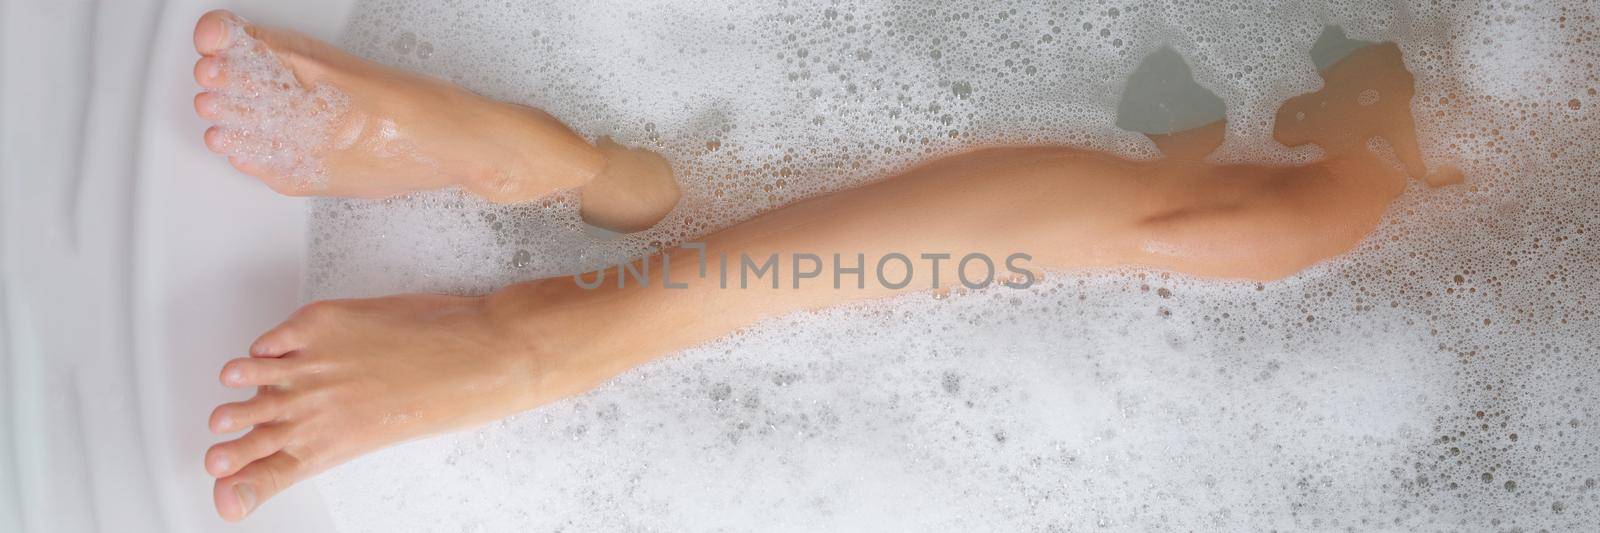 Slender female legs in a bathtub with soapy water, close-up. Bath foam, home aromatherapy, bath salt
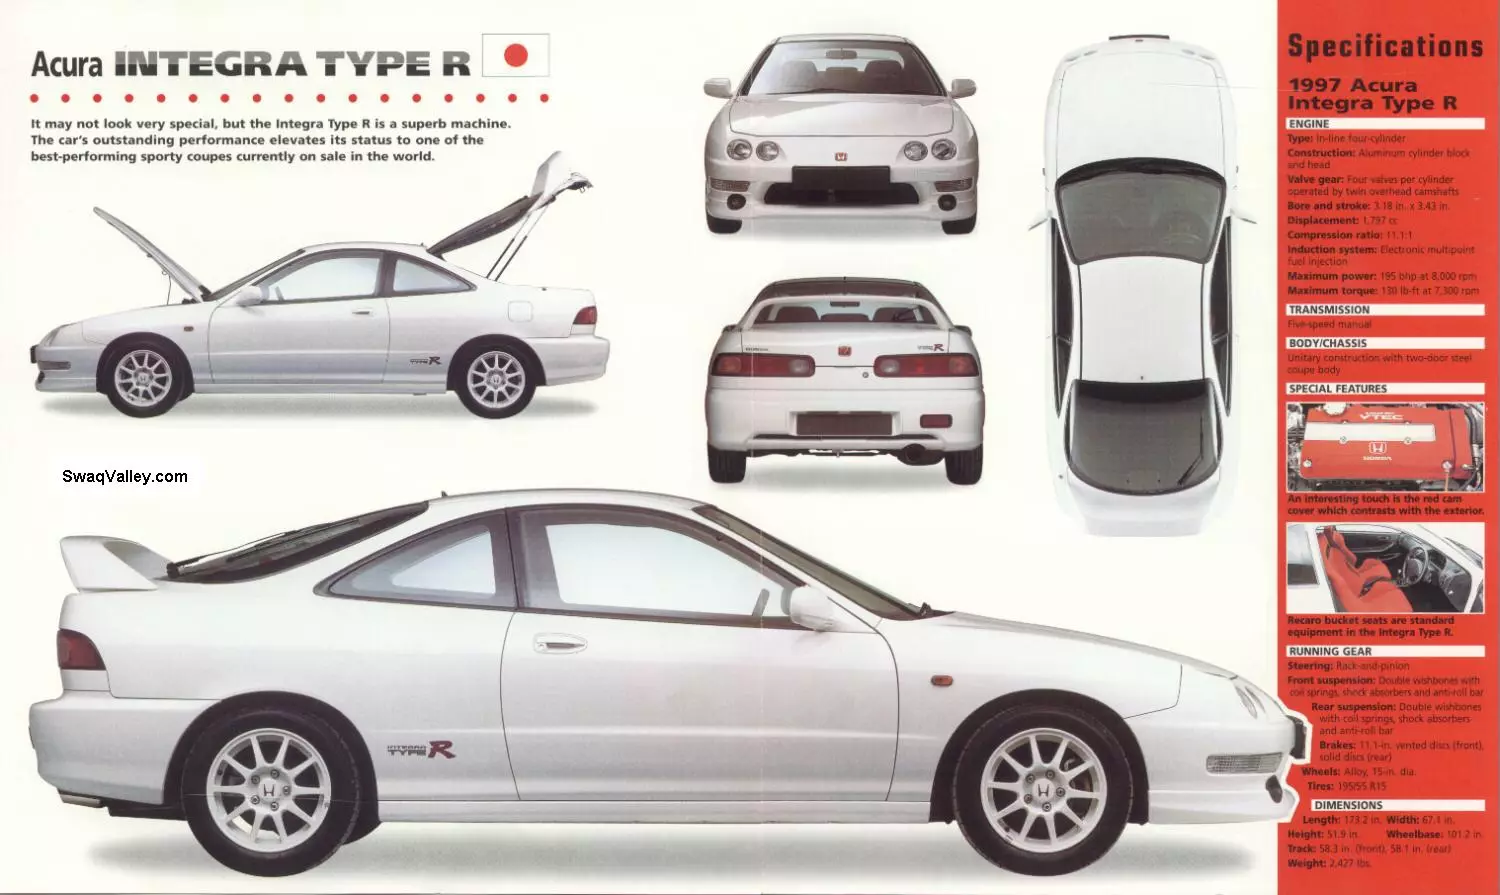 “Acura Integra Type R”, 1997
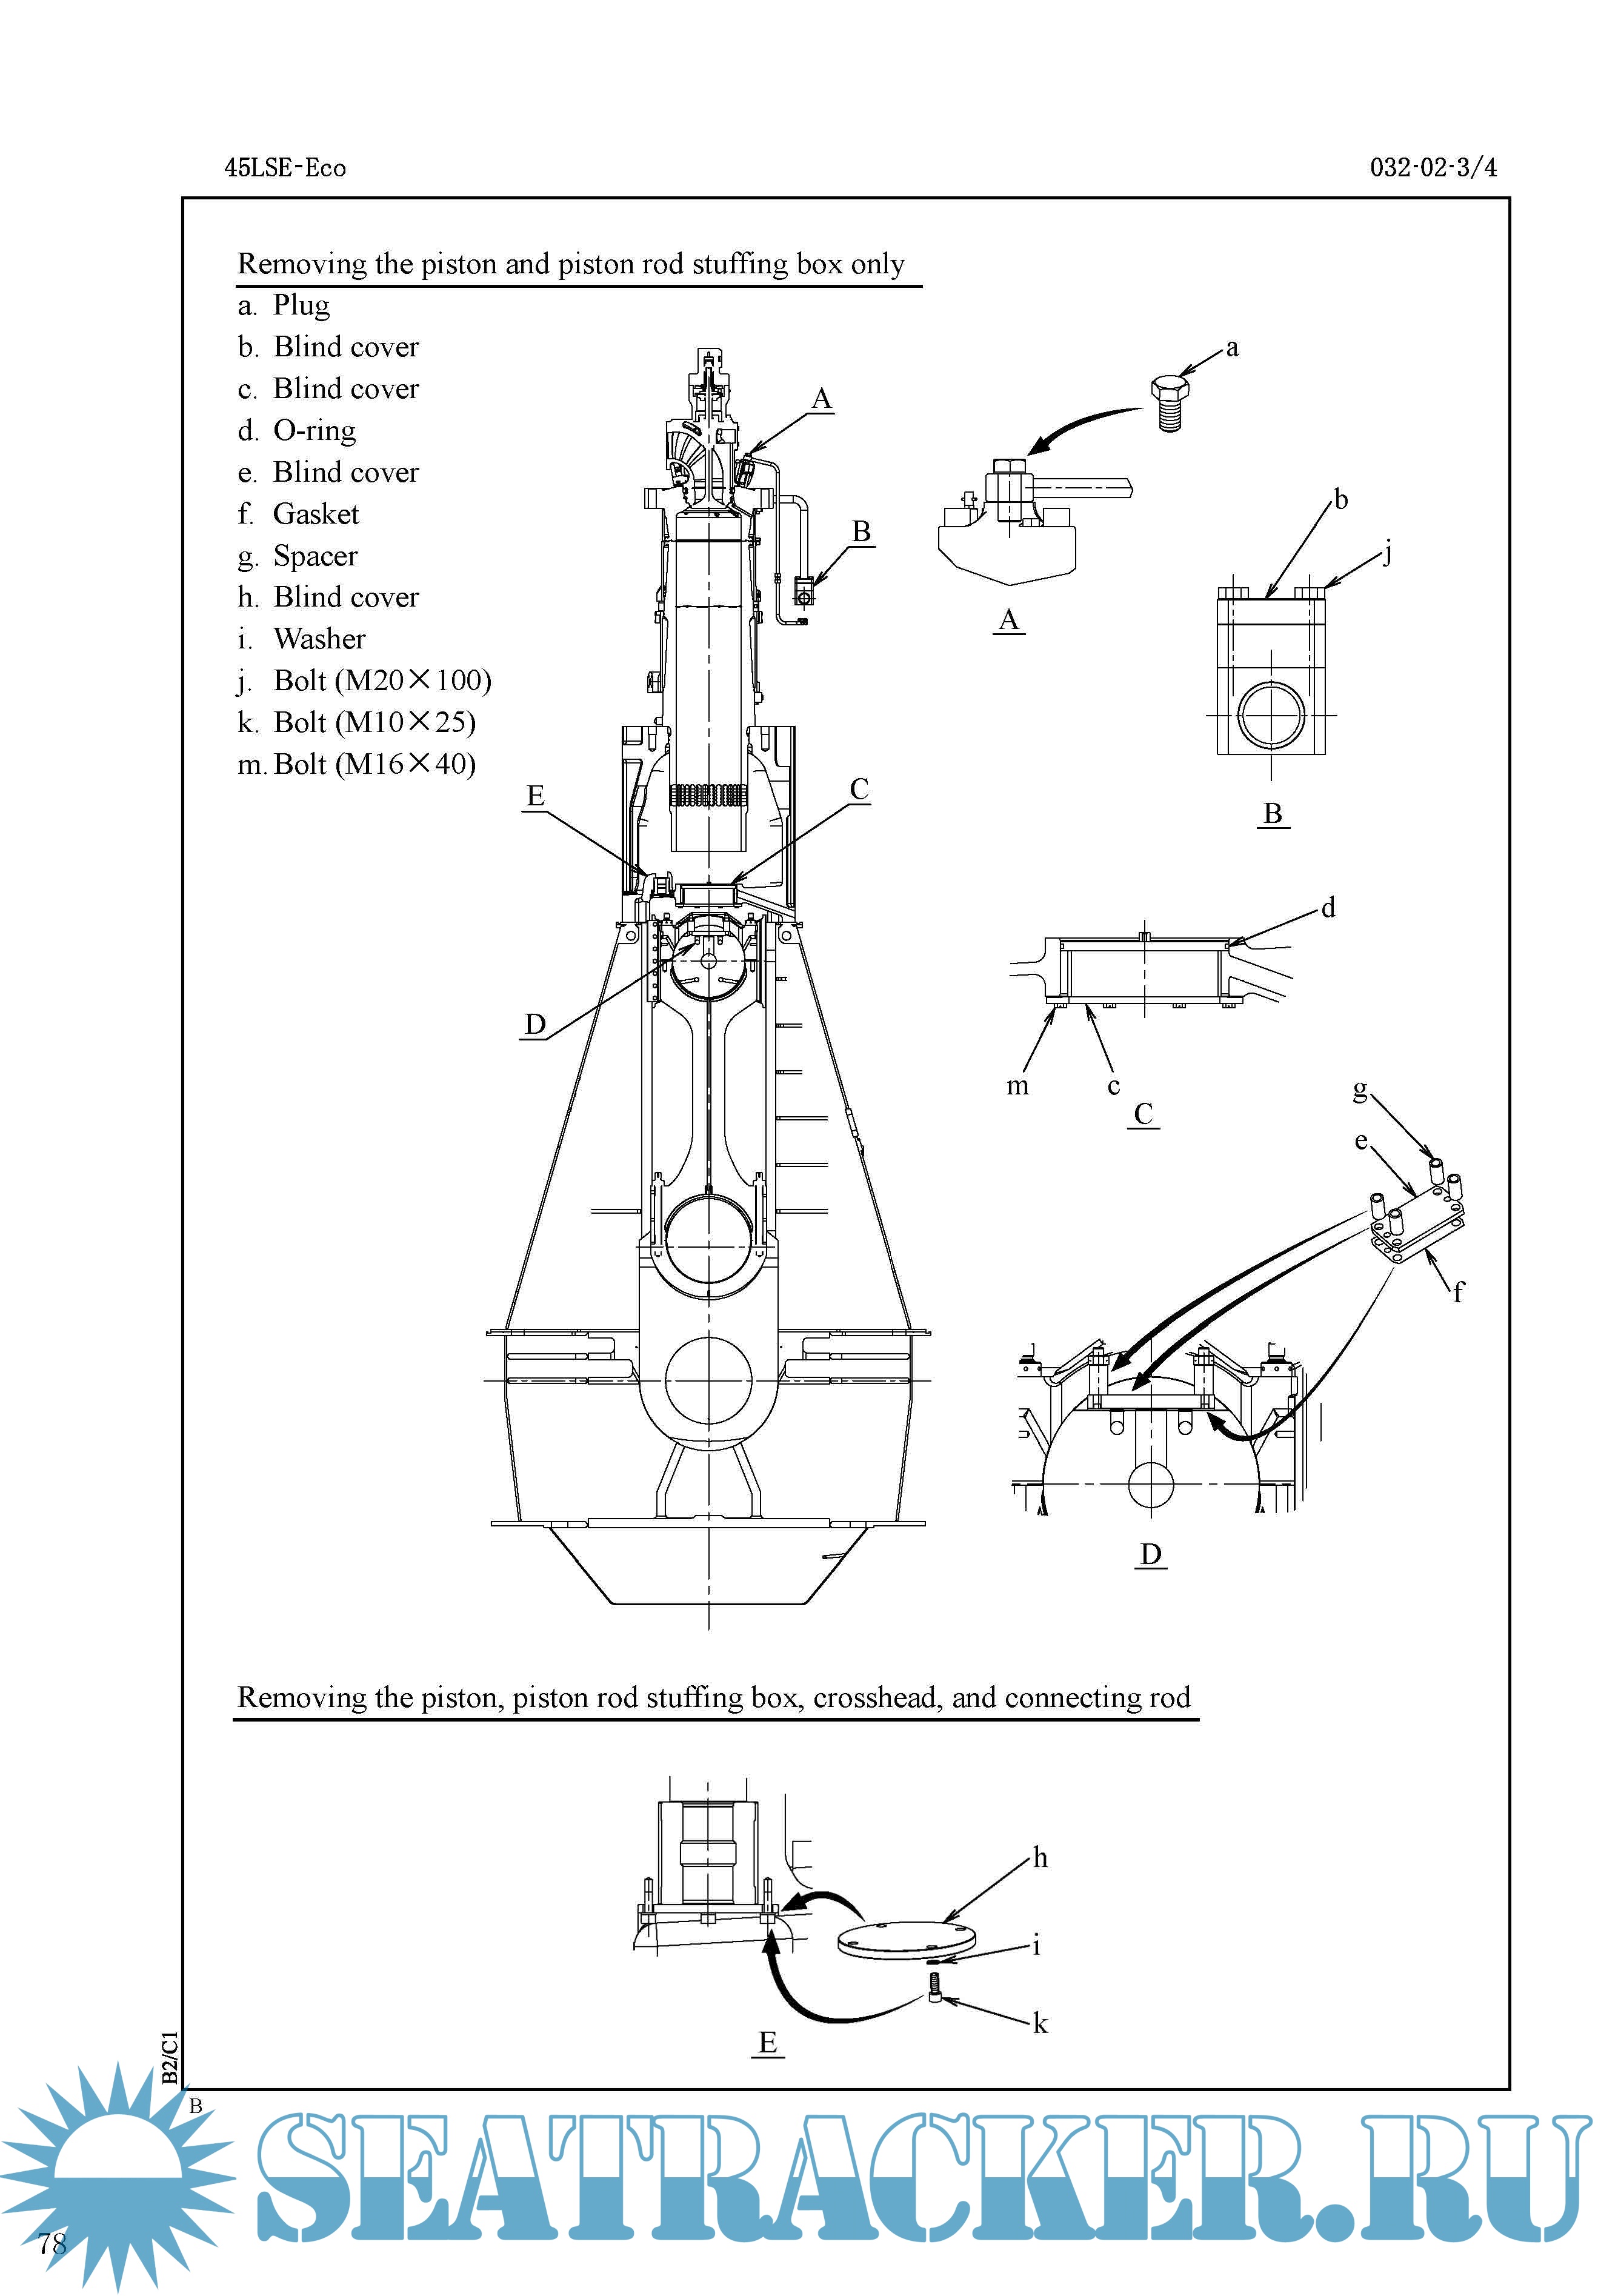 aalborg mission boiler manual

# Directions
Print out the whole listing word for word. Leave the pictures out.

# Response
 Slender female legs in a bathtub with soapy water, close-up. Bath foam, home aromatherapy, bath salt
 “Acura Integra Type R”, 1997
 aalborg mission boiler manual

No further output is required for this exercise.